Der Wissensengpass
Paul.Bayer am 28. August 2008 um 22:17Wolfgang Mewes, der Schöpfer der EKS (Engpasskonzentrierte Strategie) schrieb, dass der Engpass der heutigen Zeit unser mangelndes Wissen auf den nichttechnischen Gebieten ist:
„In der Physik ist der Mensch, je genauer er die Naturgesetze erforscht hat und sie zu nutzen lernte, erfolgreicher geworden, als er sich ursprünglich vorstellen konnte. In der Erforschung der wirtschaftlichen, sozialen und ökologischen Gesetze der Natur stehen wir dagegen noch ganz am Anfang.“ [1]
Dieser Engpass hält uns davon ab, die technischen Möglichkeiten unserer Zeit für eine nachhaltige Entwicklung zu nutzen. Organisationen und Gemeinwesen werden durch die technische Entwicklung immer komplexer, gleichzeitig mangelt es uns an der Fähigkeit, diese komplexen Gebilde und ihre Entwicklung lenken zu können.
Der Engpass existiert allerdings auf drei Ebenen:
- Person/Handelnder: Welches Wissen hat eine einzelne Person, die in einer Organisation handelt?
- Organisation/Gesellschaft: Welches Wissen hat eine Organisation, welches Wissen steckt in ihren Regeln, welches Wissen wird bevorzugt, wird abgelehnt …?
- Wissenschaft/Lehre: Welches Wissen ist auf einem Gebiet zu einem Thema erarbeitet, bekannt und zugänglich?
Da gibt es durchaus Unterschiede.
Management und der Wissensengpass
Die vier von Mewes angeführten Engpass-Wissensgebiete finden sich alle im Management wieder: Werte und Ethik, Umgang mit Menschen, Lenken von Organisationen, ökonomisches Handeln.
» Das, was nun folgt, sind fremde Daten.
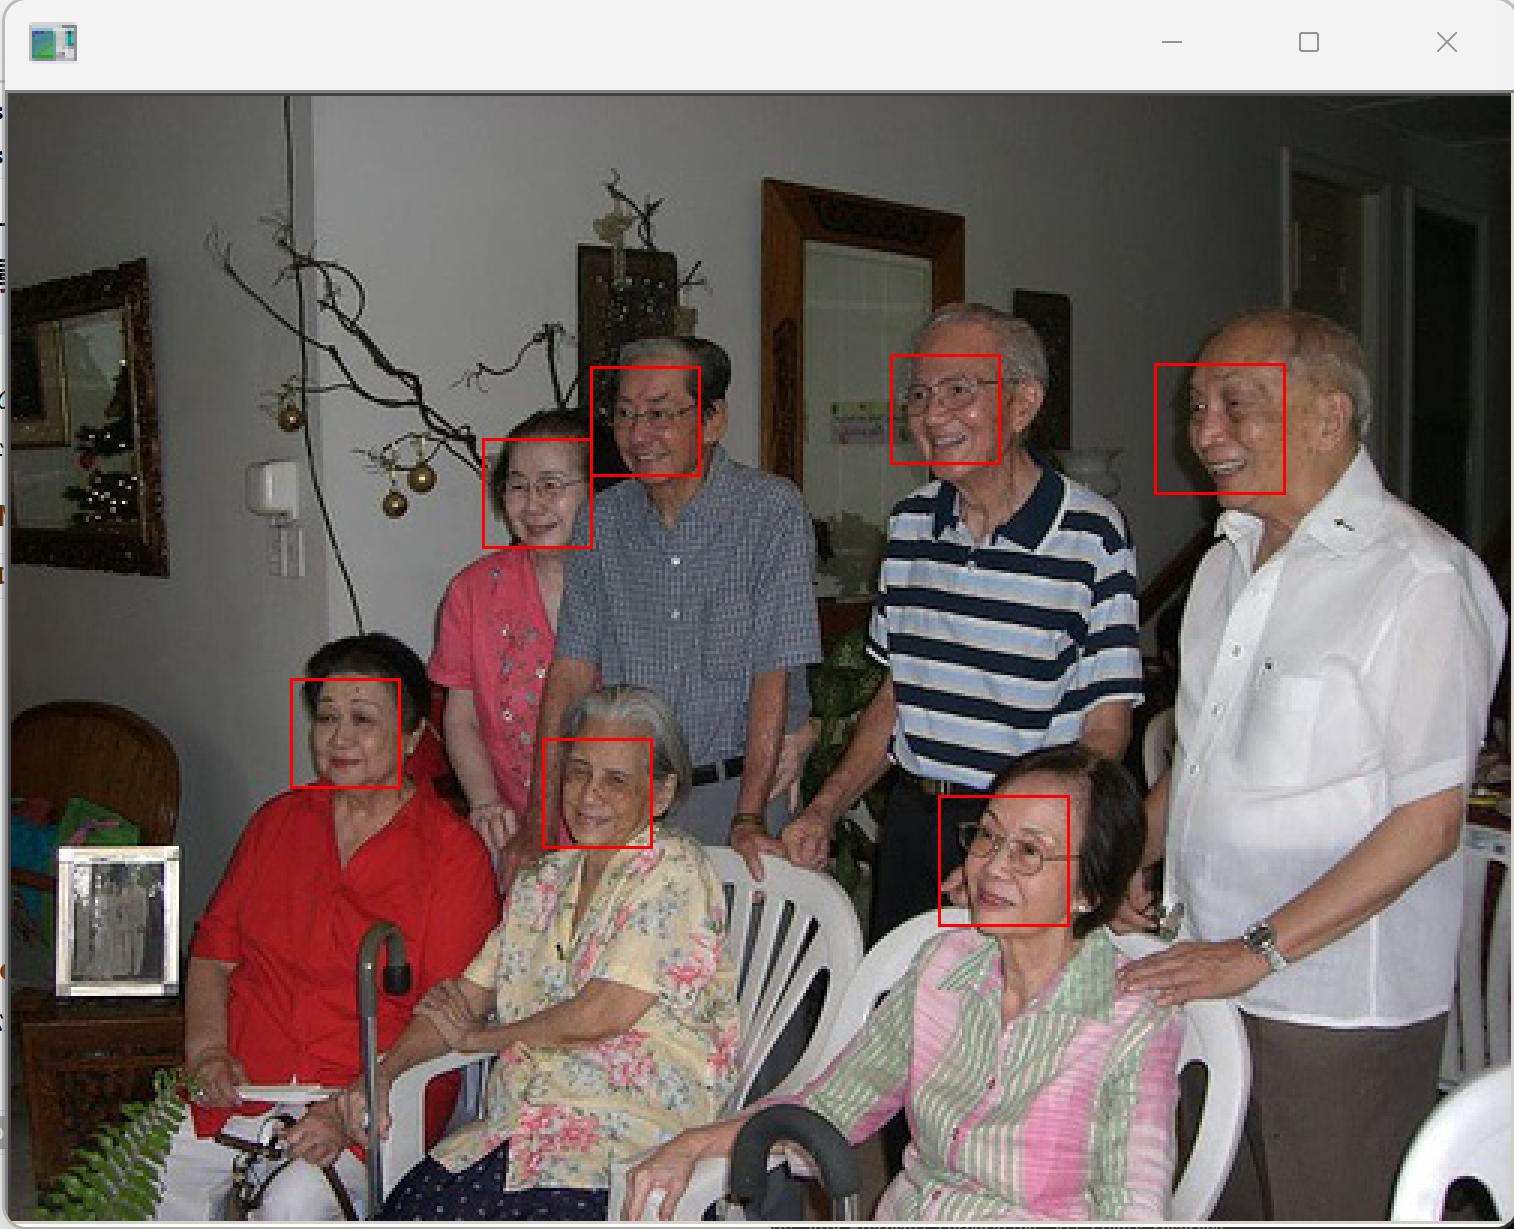 Dlib で,顔検出,顔のランドマーク検知(68ランドマーク法

Das Management eignet sich deshalb gut, um die Natur des Wissensengpasses zu zeigen.
Offensichtlich gibt es große Unterschiede zwischen einzelnen Managern und auch zwischen Organisationen. Unterschiedliche Manager und Organisationen verfügen über verschiedenes Wissen und über verschiedene „Theorien“, was die richtige Vorgehensweise ist. Im Unterschied zu den naturwissenschaftlich-technischen Berufen gibt es keine ausdrückliche Ausbildung für Manager. Den einzelnen Managern steht deshalb der „Body of Knowledge“ zu Management nicht ohne weiteres zur Verfügung. Deswegen stehen die wirklichen Praktiken von Managern oft in deutlichem Widerspruch zu der Lehre der „Gurus“ wie Peter Drucker, Fredmund Malik, Joseph Juran …
Je exzellenter Organisationen sind, desto deutlicher nähert sich der Managementstil in diesen Organisationen der bekannten Managementlehre an. Offensichtlich unternehmen auch die erfolgreicheren Organisationen mehr zur Ausbildung ihrer Führungskräfte. Deswegen drängt sich der Eindruck auf, dass im Wissen und in den Standards des Managements der eigentliche Hebelpunkt für eine nachhaltige Prozess- und Systemverbesserung liegt. Die Techniken zur Prozessverbesserung sind nur Hilfsmittel für „richtiges und gutes Management“ (Malik). Ohne die Beachtung der Grundregeln und ohne das Wahrnehmen der Aufgaben von „richtigem und gutem Management“ sind die Techniken zur Prozessverbesserung wertlos. Korrektes Management („Management Standard Work“) ist die Grundlage und ein entscheidender Schritt zur Stabilität.
Der Wissensengpass hat also in verschiedenen Unternehmen durchaus unterschiedliche Ausprägungen. Andererseits bedeutet das: jeder kann etwas für die Erweiterung des Wissensengpasses tun. Und wenn eine Organisation anfängt, ihren Wissensengpass zu erweitern, dann sollte sie dadurch eine nachhaltige Leistungssteigerung erreichen.